5 ways to make TV safe for kids: See PTC's 2019 list

by Diana Chandler, posted Monday, January 14, 2019 (7 months ago)

The Netflix cartoon Big Mouth, featuring teenagers confused by newfound puberty, is one of several shows harmful to children, the Parents Television Council said.
Netflix video cover
LOS ANGELES (BP) -- Protecting children from obscenity on television has never been more difficult than in 2019, the Parents Television Council (PTC) said in listing the top five reforms the entertainment industry needs to make this year.

"Even with the most diligent parental oversight, the industry has exceptional power and leverage to influence our children," the PTC said. "But while the industry continues to produce and distribute entertainment content, it continues to wave off any responsibility for harmful effects that content can have on children.

"That is the very height of corporate malfeasance and hypocrisy," the PTC said in its list released at w2.parentstv.org/blog/.

The PTC implores the entertainment industry to:

1. Prevent inaccurate marketing to children by establishing "accurate, consistent and transparent" content ratings systems with public accountability.

"The current ratings systems are none of those things," the PTC said. "Our own research, along with outside research, shows how these ratings systems allow kids to have access to some of the most violent and sexually explicit media content available."

2. Stop marketing harmful content to children on streaming services such as Netflix.

Competition among streaming services is pushing such established outlets as Netflix to expand its lineup with little consideration of child safety, PTC warns.

The PTC described as "proven to be harmful to children" the Netflix suicide drama "13 Reasons Why"; the cartoon "Big Mouth" that "grotesquely sexualizes children," and the film "Desire," which the PTC said "borders on child pornography."

Netflix callously markets such programs to children through its on demand streaming platform, the PTC asserts, with no regard for child safety.

3. Offer an "al a carte" Cable TV service instead of company-selected bundle plans.

Allowing families to choose which channels they subscribe to on Cable TV, instead of offering pre-packaged bundles, would allow families another tool in avoiding unsavory content, the PTC said.

"For years the PTC has advocated for the industry to embrace 'a la carte' Cable choice, where consumers choose and pay for only the networks they want to watch," the PTC said. "Studies have also shown that families are seeking an 'a la carte' Cable choice solution not just because they are tired of paying for more than they watch, but also to keep harmful content from reaching their children."

4. Stop opposing parental access to technology that filters television content.

Hollywood has effectively blocked parental access to technology that would allow consumers to filter explicit content from shows viewed on Netflix, Amazon and other bona fide streaming services, the PTC said.

Most recently, Hollywood studios lobbied against an amendment to the Family Movie Act in the last congressional session of 2018 by describing the technology as a tool of copyright piracy, the PTC said.
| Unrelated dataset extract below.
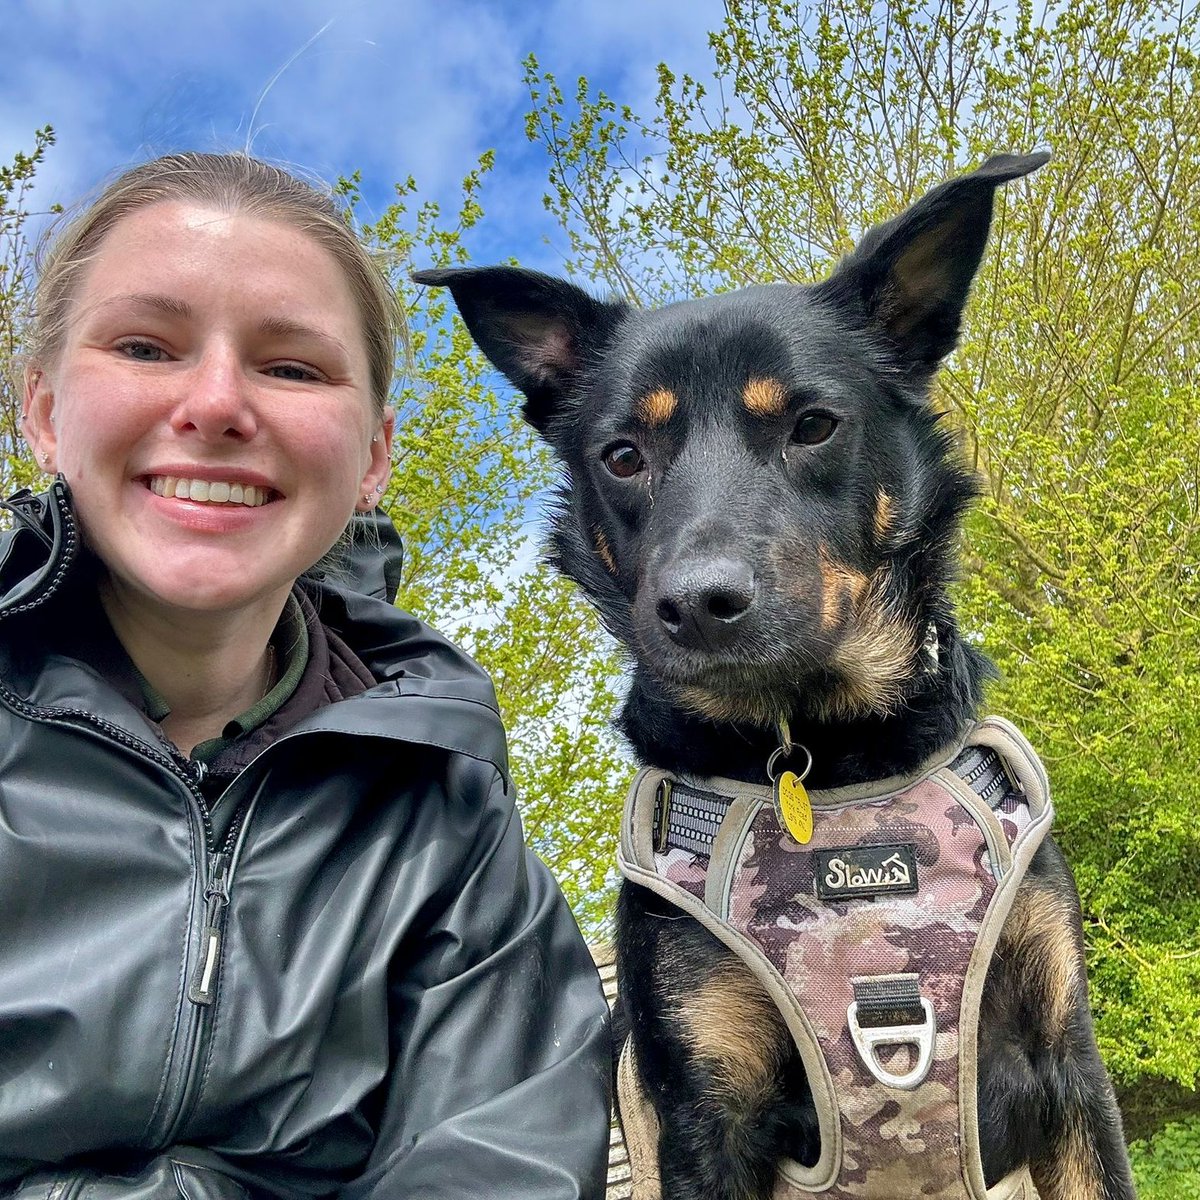 A cracking #SundaySelfie from Max who's been out for a lovely off-site walk with his friend Sophie. 😍 Meet Max👉 bit.ly/3uZkSzB #SelfieSunday #SundayFunday #WeekendVibes #Walkies #RescueDog #AdoptDontShop #Rehome #Leeds #DogSelfie #Kelpie @DogsTrust

Filtering can benefit the entertainment industry as well as parents, the PTC asserts, because parents would be willing to pay for filtering.

"Hollywood must stop its opposition to such a common-sense solution for families," the nonpartisan watchdog group said. "If they won't do it, then Congress must put families first by re-introducing this Family Movie Act amendment and passing it this year."
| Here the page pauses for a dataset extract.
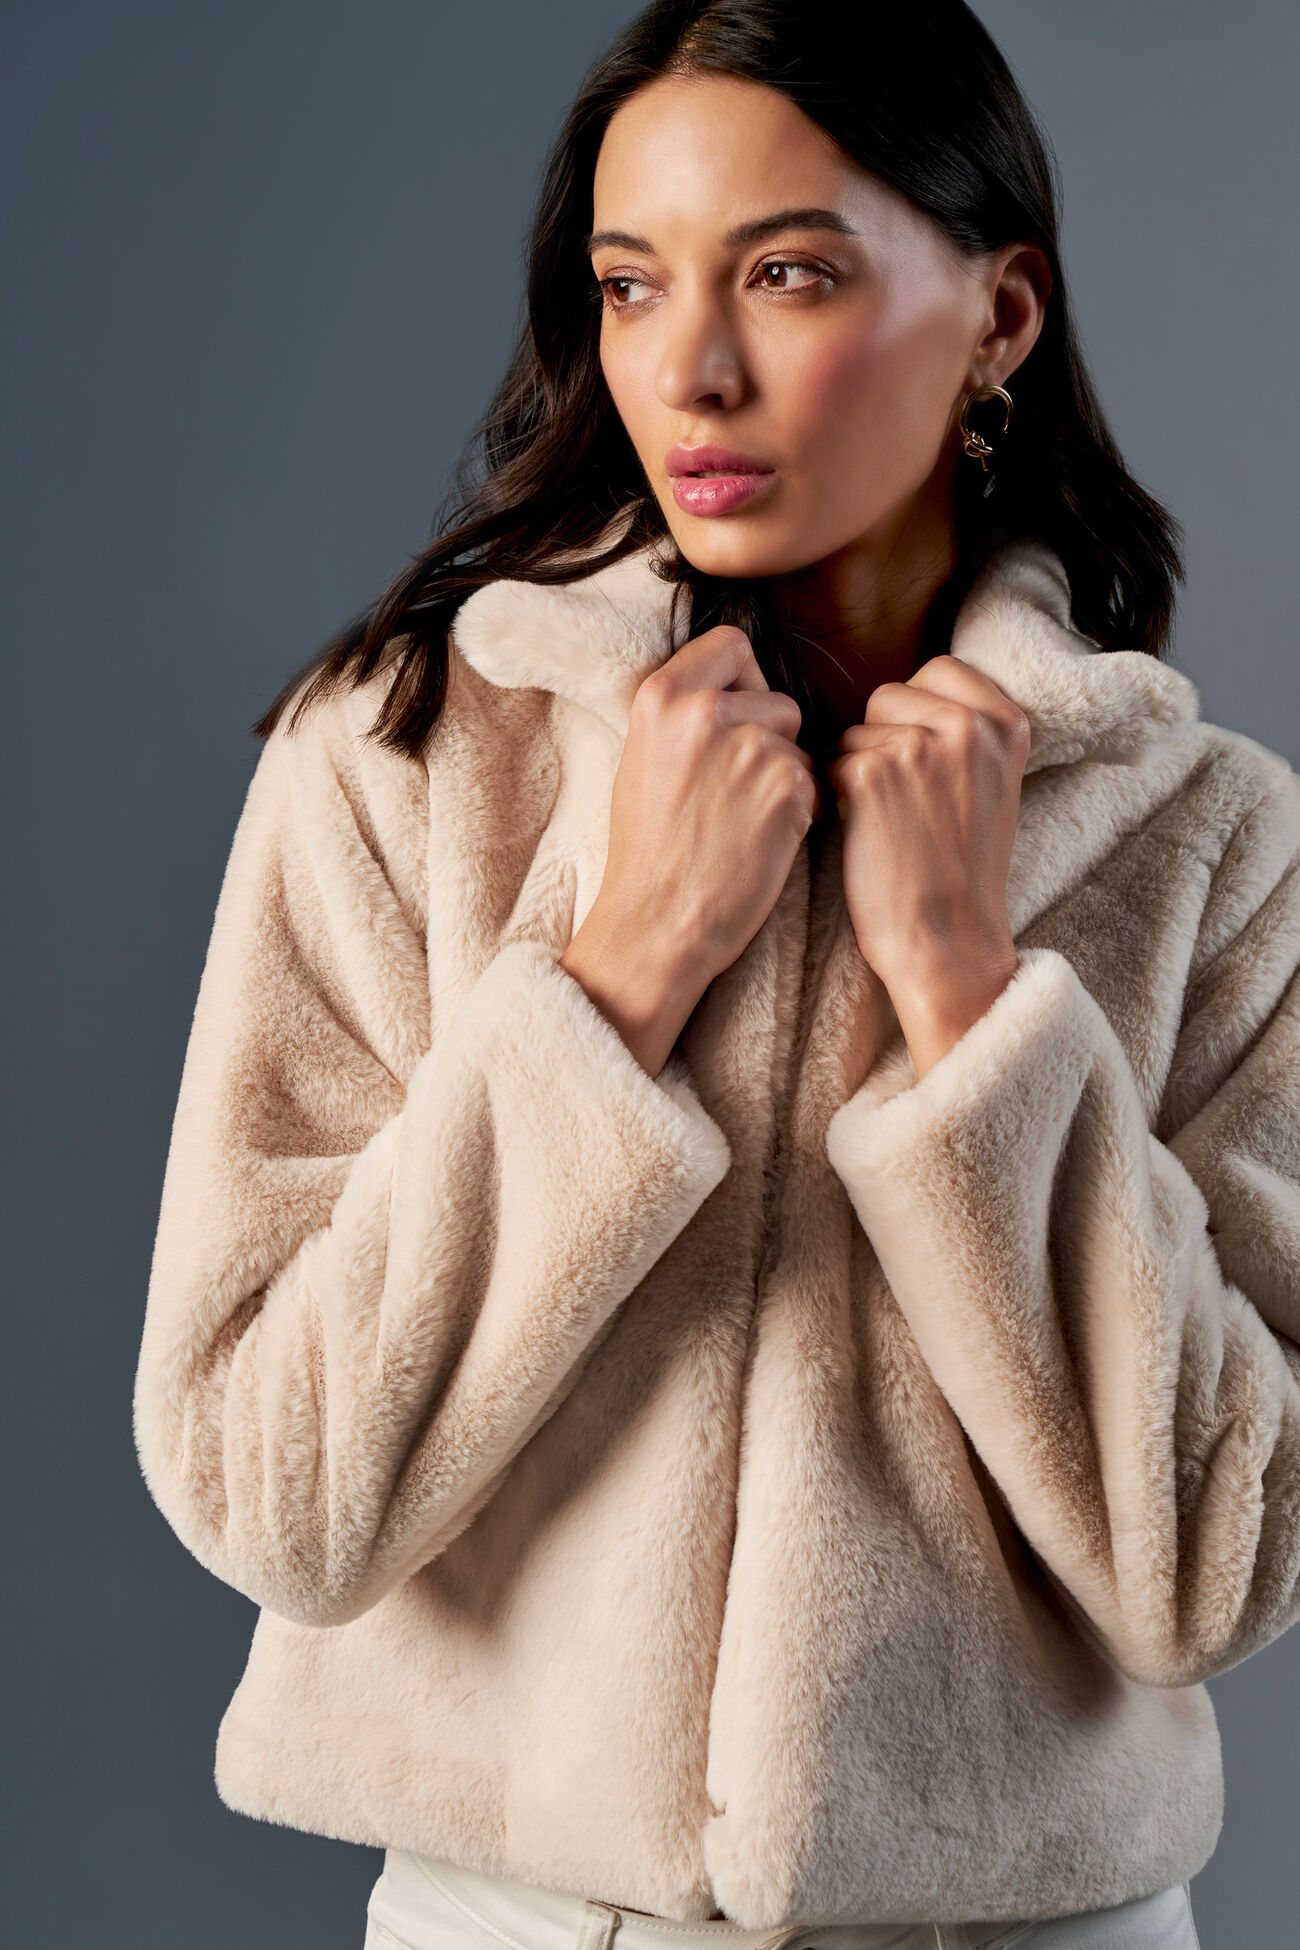 Buy Hooded Cropped Faux Fur Jacket Women's Fashion Wedding Party Online in  India

5) Expand the #MeToo movement to protect children.

Television entertainment needs to prioritize children by discontinuing "sexually explicit, degrading, misogynistic and demeaning content" that "frequently includes children in the scene," according to the PTC.

"We believe there is an urgent need for Hollywood to recognize #OurKidsToo," the PTC said, and "improve how it portrays girls and young women."

If these five reforms are adopted, as the PTC explains it, parents would not have to worry about accurate ratings, children would not be exposed to age-inappropriate content and issues, and families would not be forced to buy sexually explicit programming alongside family friending shows.

Diana Chandler is Baptist Press' general assignment writer/editor. BP reports on missions, ministry and witness advanced through the Cooperative Program and on news related to Southern Baptists' concerns nationally and globally.